Publication bias index by the author: a way to keep scientists honest?

Would this work? Authors can reduce their publication bias measure by publishing new studies that are more honest (with regards to reporting, research practices or not making data up, etc). The primary problem seems, it seems to me, is that authors who currently have a high publication bias index would try to lower it quickly by publishing papers with artificially bad results. Perhaps by attempting to replicate other studies they don’t like and only publishing those that failed to reach the magic p-level.

Critics of null hypothesis testing will of course say that these kinds of problems are inherent to using that kind of statistics (e.g. Harlow et al 1997 or various Bayesian critics e.g. Kruschke 2010). They may be correct, but it seems to me that the focus on publication bias in many recent meta-analysis have helped the problem quite a bit. New methods are being developed to estimate true population effect sizes using only biased results (e.g. van Assen et al, 2014).

It would be best if the index could be automatically calculated by data mining papers by authors. This seems a little beyond my computer science abilities right now. Science basically needs WATSON to do meta-analysis for them, including coding all the data from papers. However, it is surely possible to create a website where information can be filled out for/by (if by, they will surely cheat again!) authors so their indexes can be calculated. I could quite possibly set up this website in 2015.

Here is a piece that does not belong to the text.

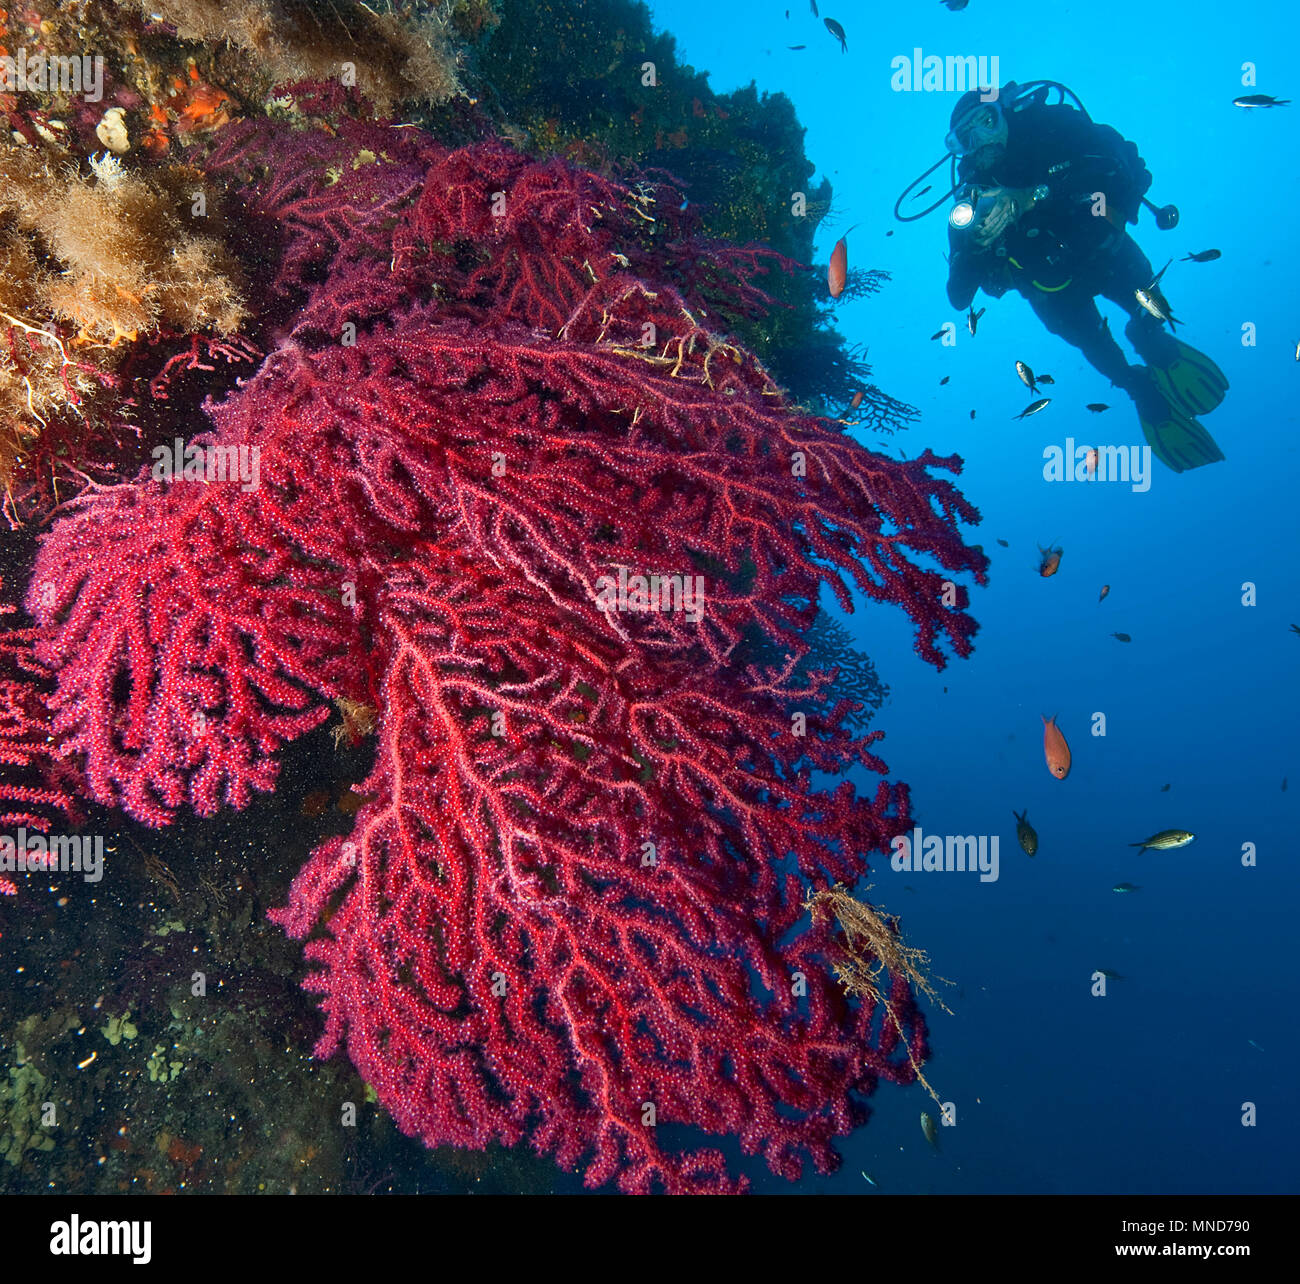 Taucher und rote fan Coral im Mittelmeer | Taucher und Rote Fächerkoralle im Mittelmeer | (Paramunicea clavata) Stockfoto

In general, from my reading of various kinds of meta-science the conclusion is clear: Humans cannot be trusted to do science properly. I don’t even trust myself to do it properly. Presumably, the two best remedies are: 1) making scientists (and humans in general) smarter by genetic methods (by selection or engineering), 2) developing AI to do it for/with (implants) us. Both of these are coming along but the first is met with considerable political opposition. In the meanwhile, the only thing we can do is to try to make the scientific process more robust to human follies, which means that we need to open everything up, i.e. Open Science. This was one of the goals of founding OpenPsych, to push psychology, specifically differential psychology, behavior genetics and the like, in that direction. We seem to have made some progress. Hopefully 2015 will outperform 2014. I am hopefully optimistic.

Refs
van Assen, M. A., van Aert, R., & Wicherts, J. M. (2014). Meta-Analysis Using Effect Size Distributions of Only Statistically Significant Studies.

Harlow, L. L., Mulaik, S. A., & Steiger, J. H. (Eds.). (1997). What if there were no significance tests?. Psychology Press.

Kruschke, J. (2010). Doing Bayesian data analysis: A tutorial introduction with R. Academic Press.